/---

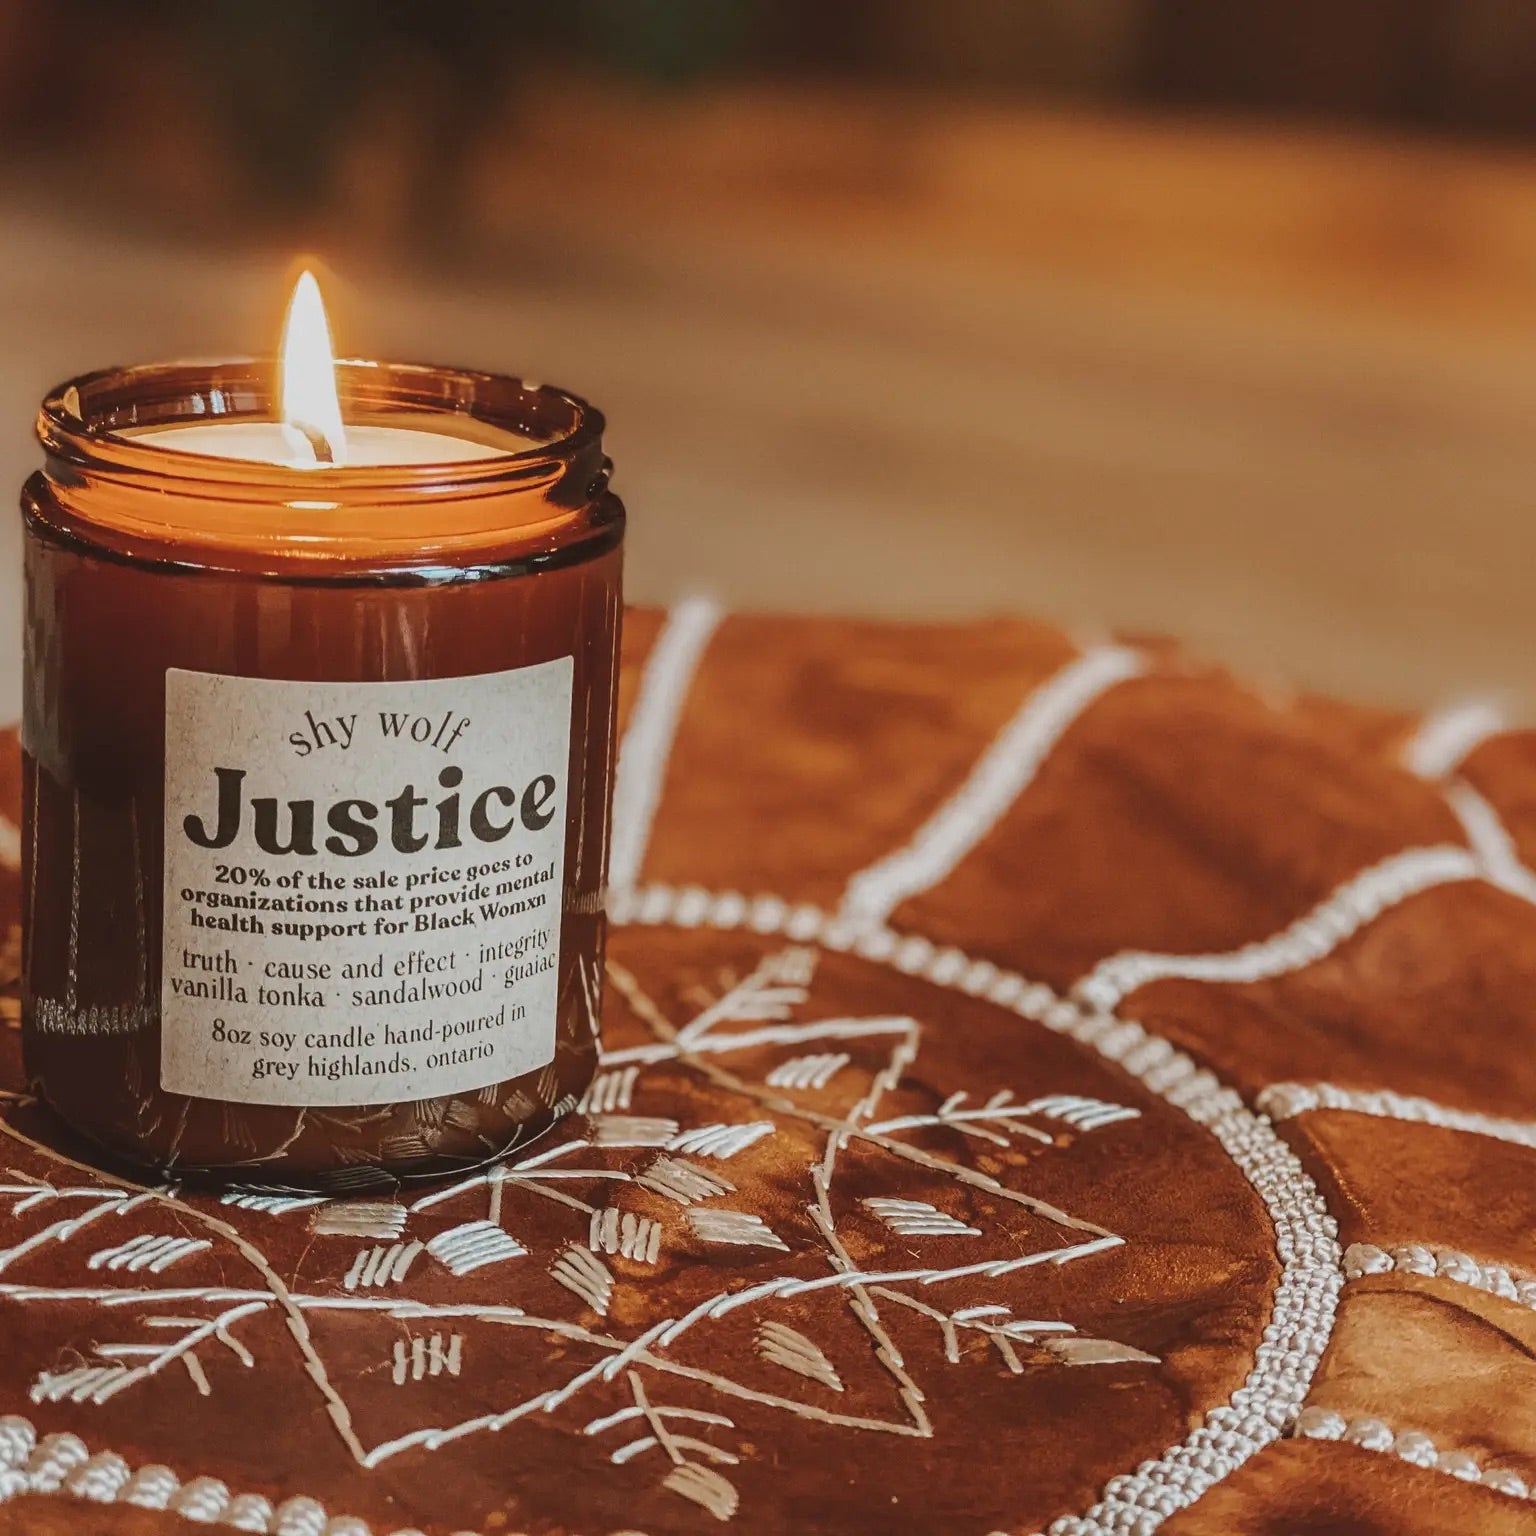 Justice Soy Candle for Charity - Vanilla, Sandalwood
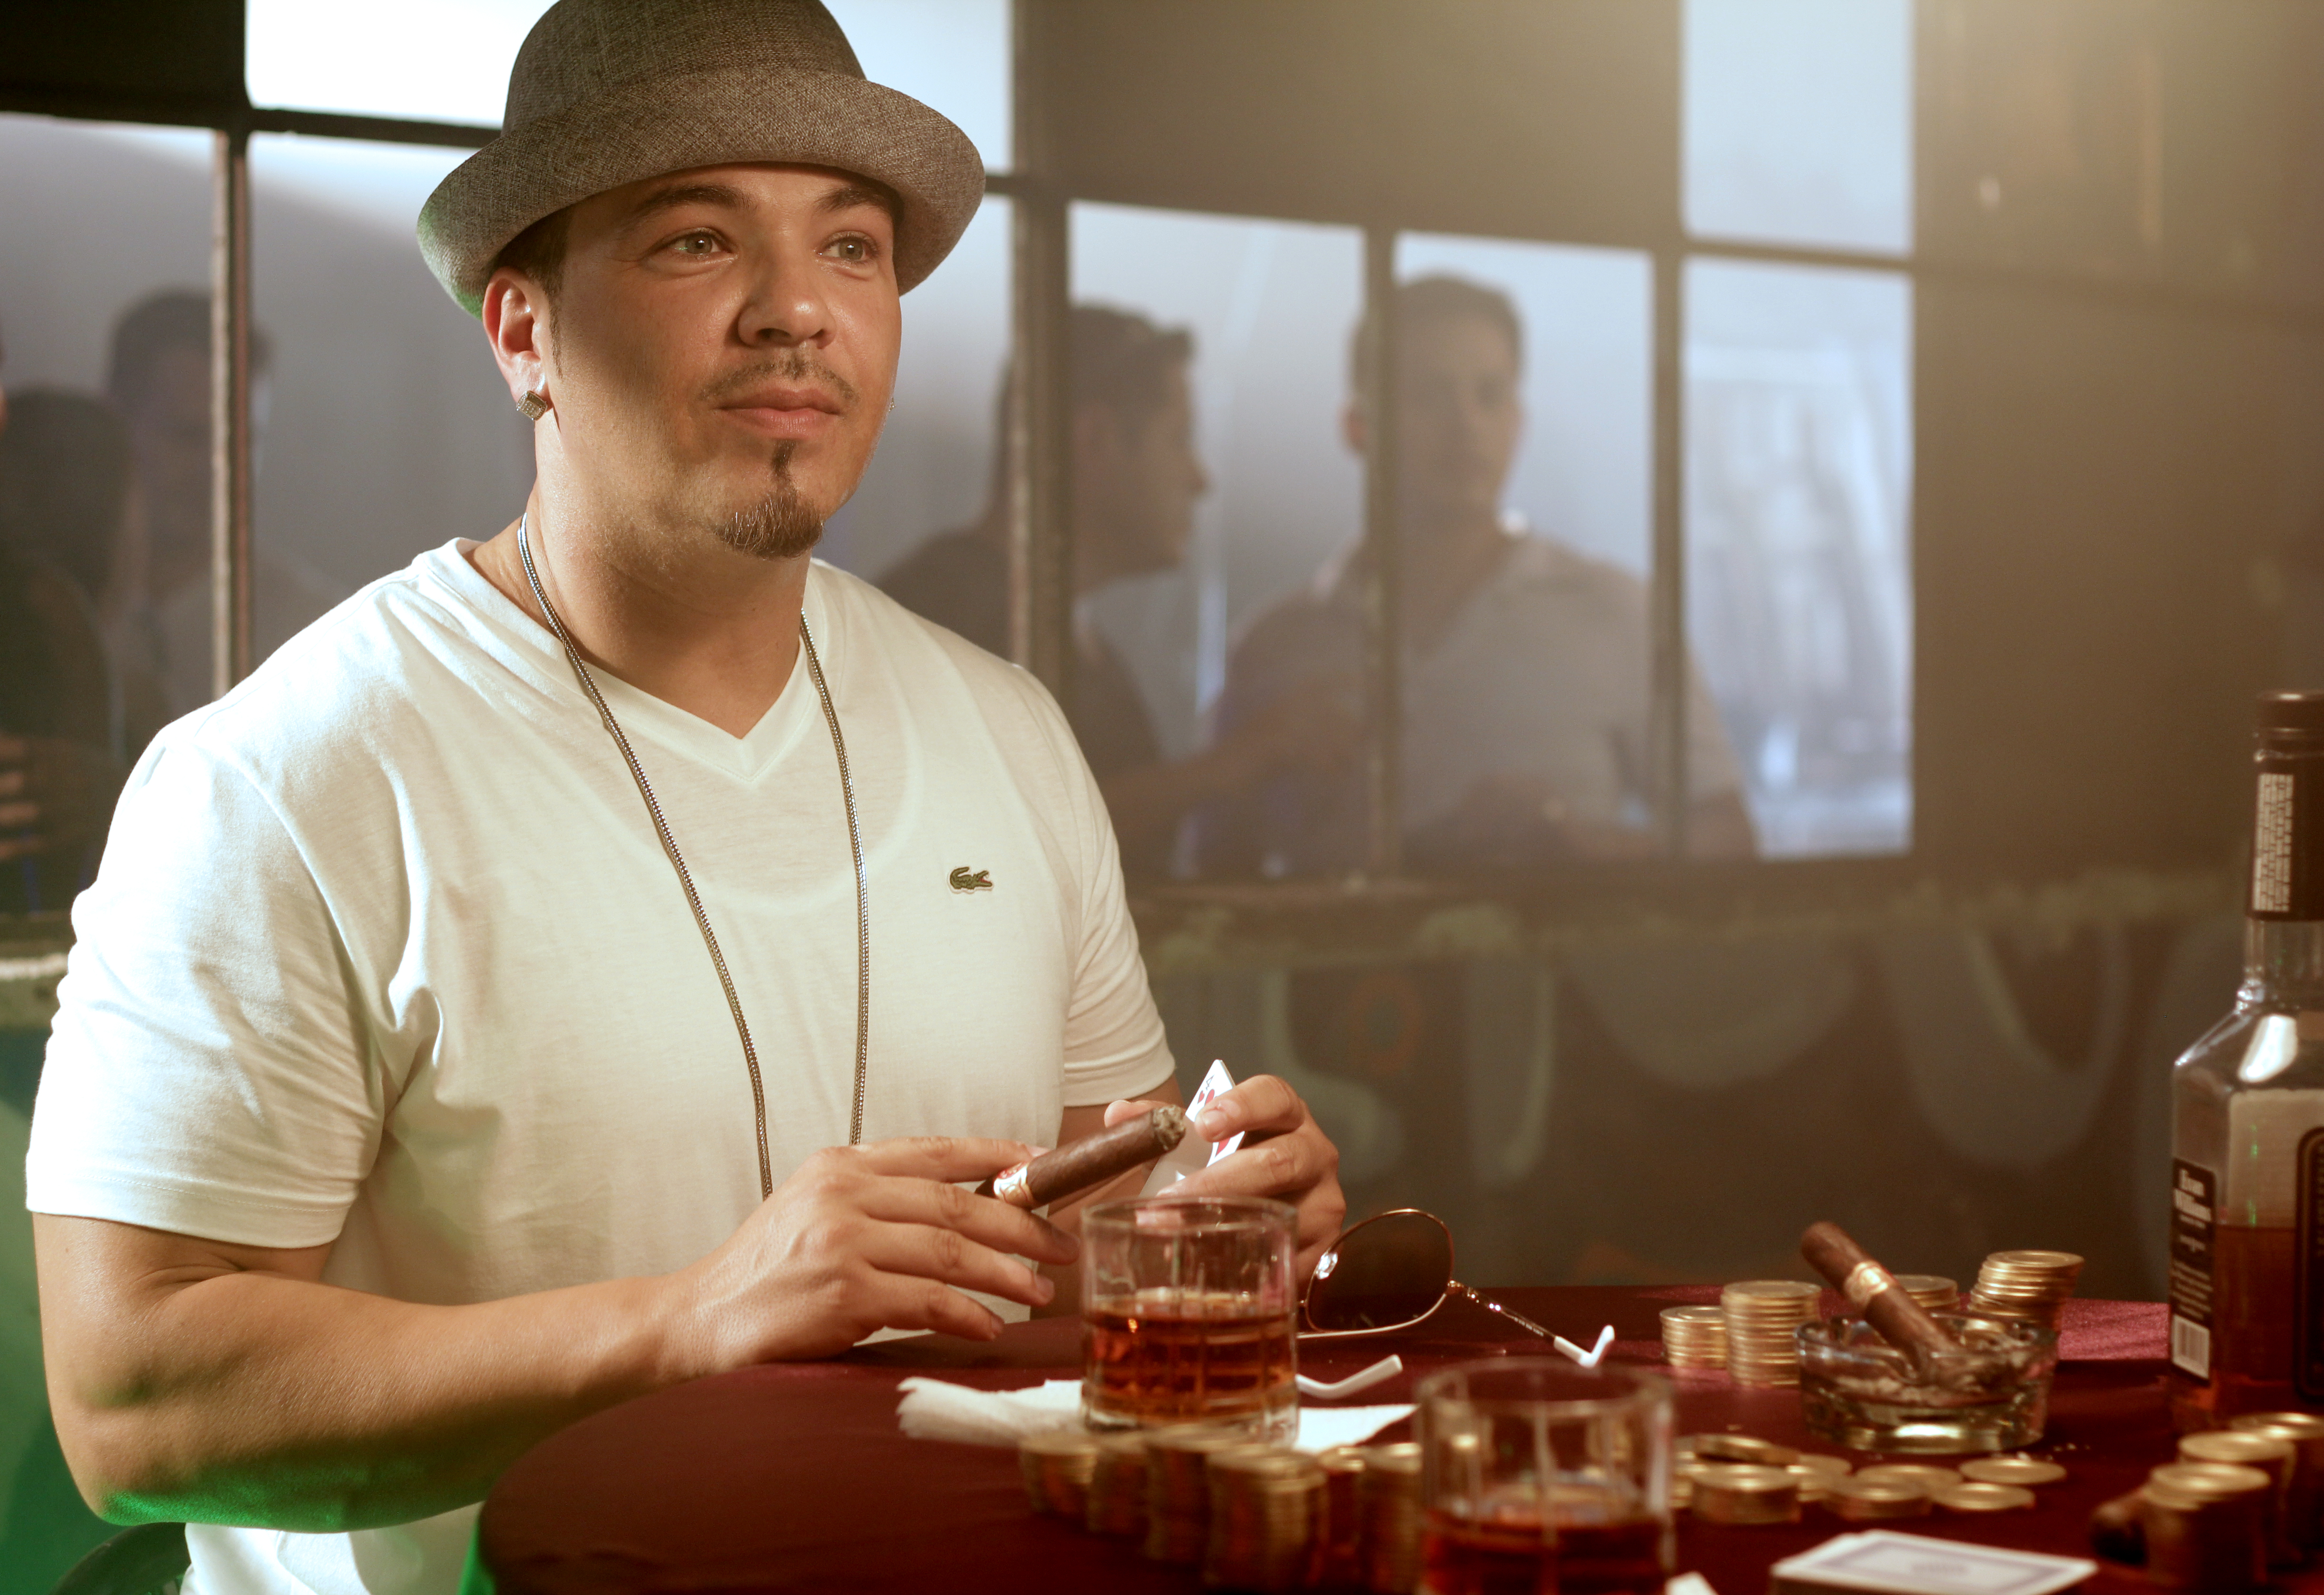 Images of Baby Bash | 4896x3360
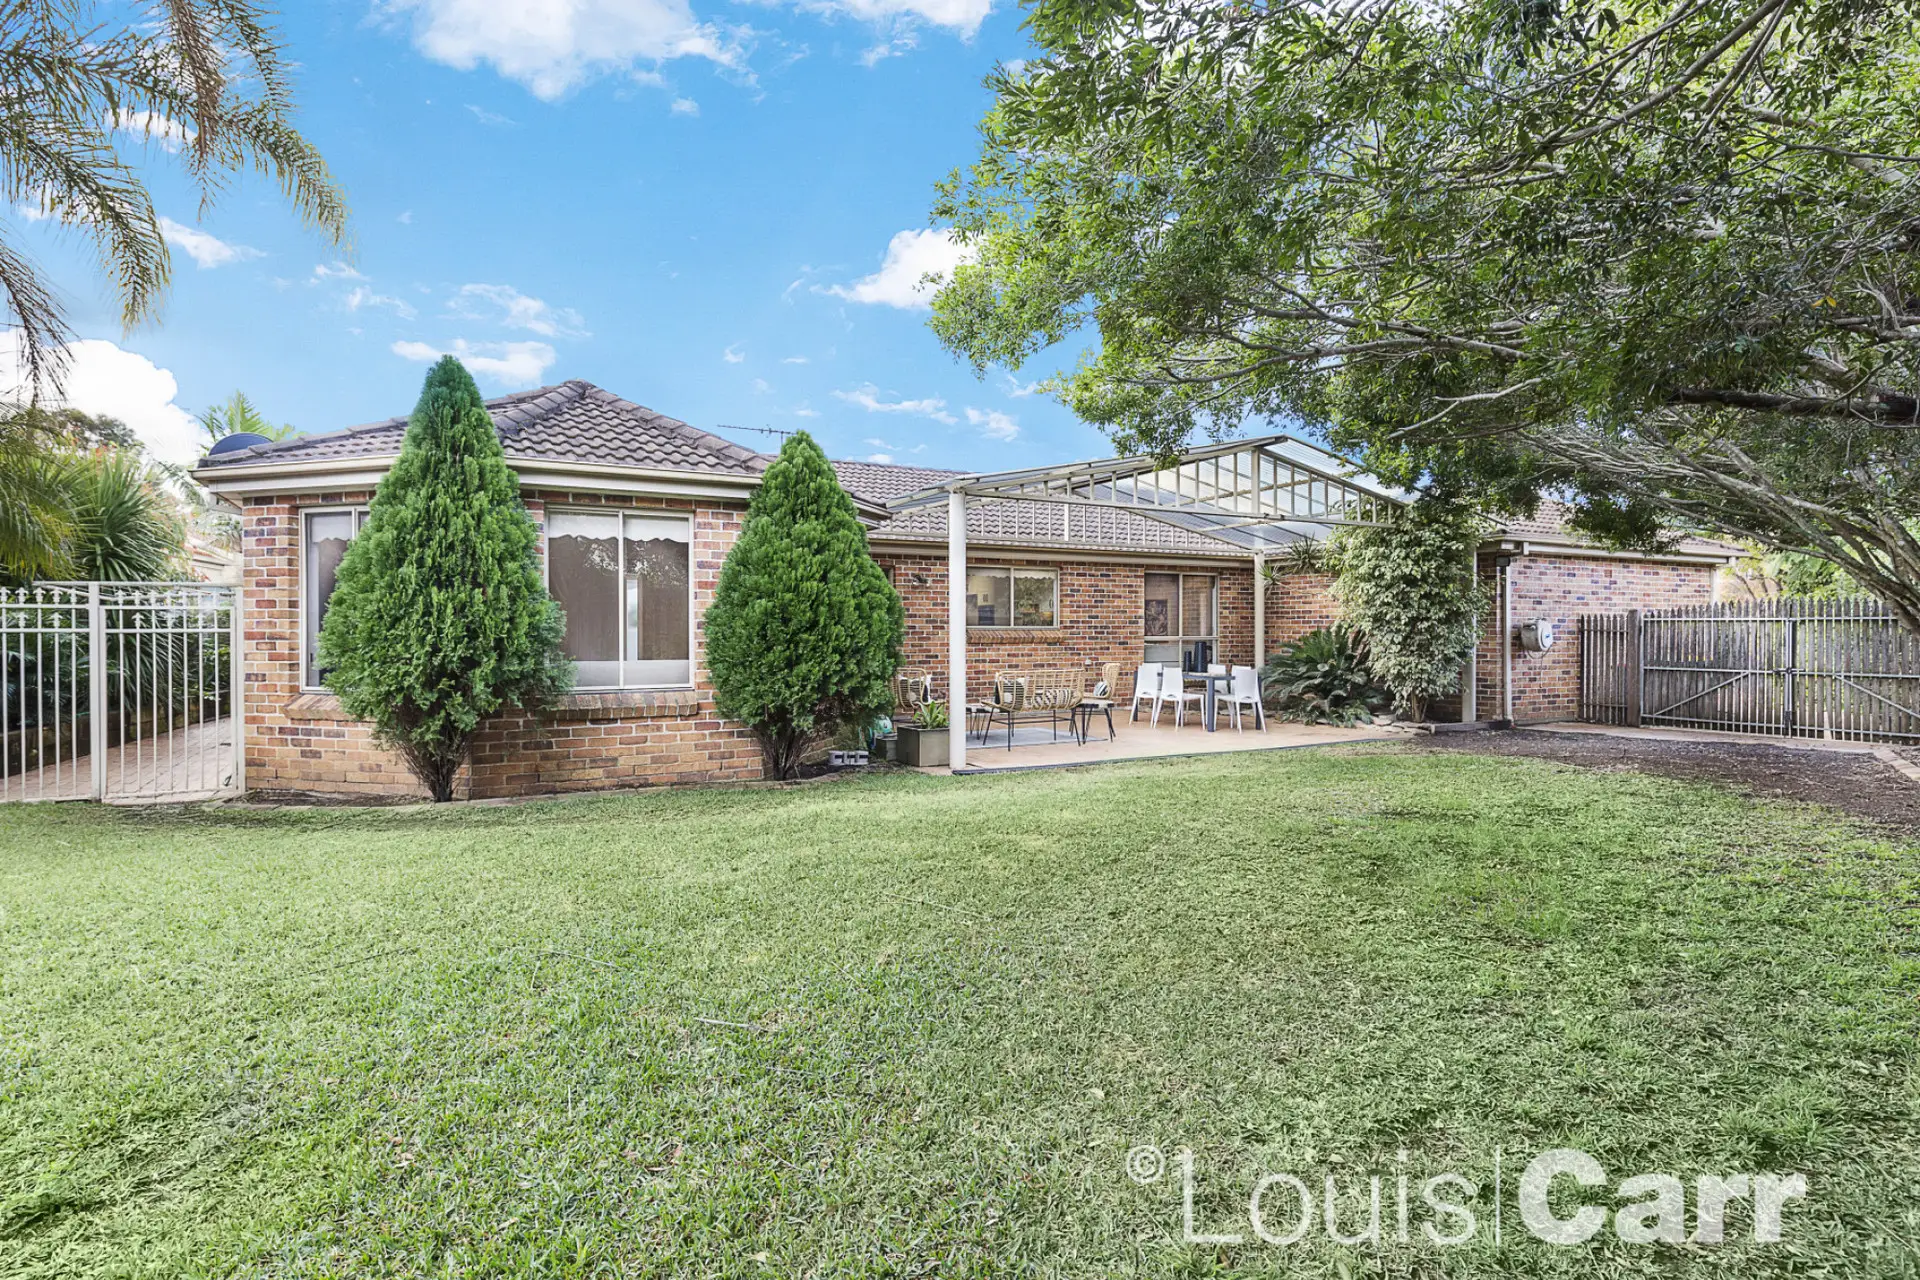 Photo #7: 3 Sandlewood Close, Rouse Hill - Sold by Louis Carr Real Estate

\---

### WHAT YOU ARE ASKED TO DO:
Output the data above exactly, excluding images.

### ANSWER TO THIS PROBLEM:
 Justice Soy Candle for Charity - Vanilla, Sandalwood
 Images of Baby Bash | 4896x3360
 Photo #7: 3 Sandlewood Close, Rouse Hill - Sold by Louis Carr Real Estate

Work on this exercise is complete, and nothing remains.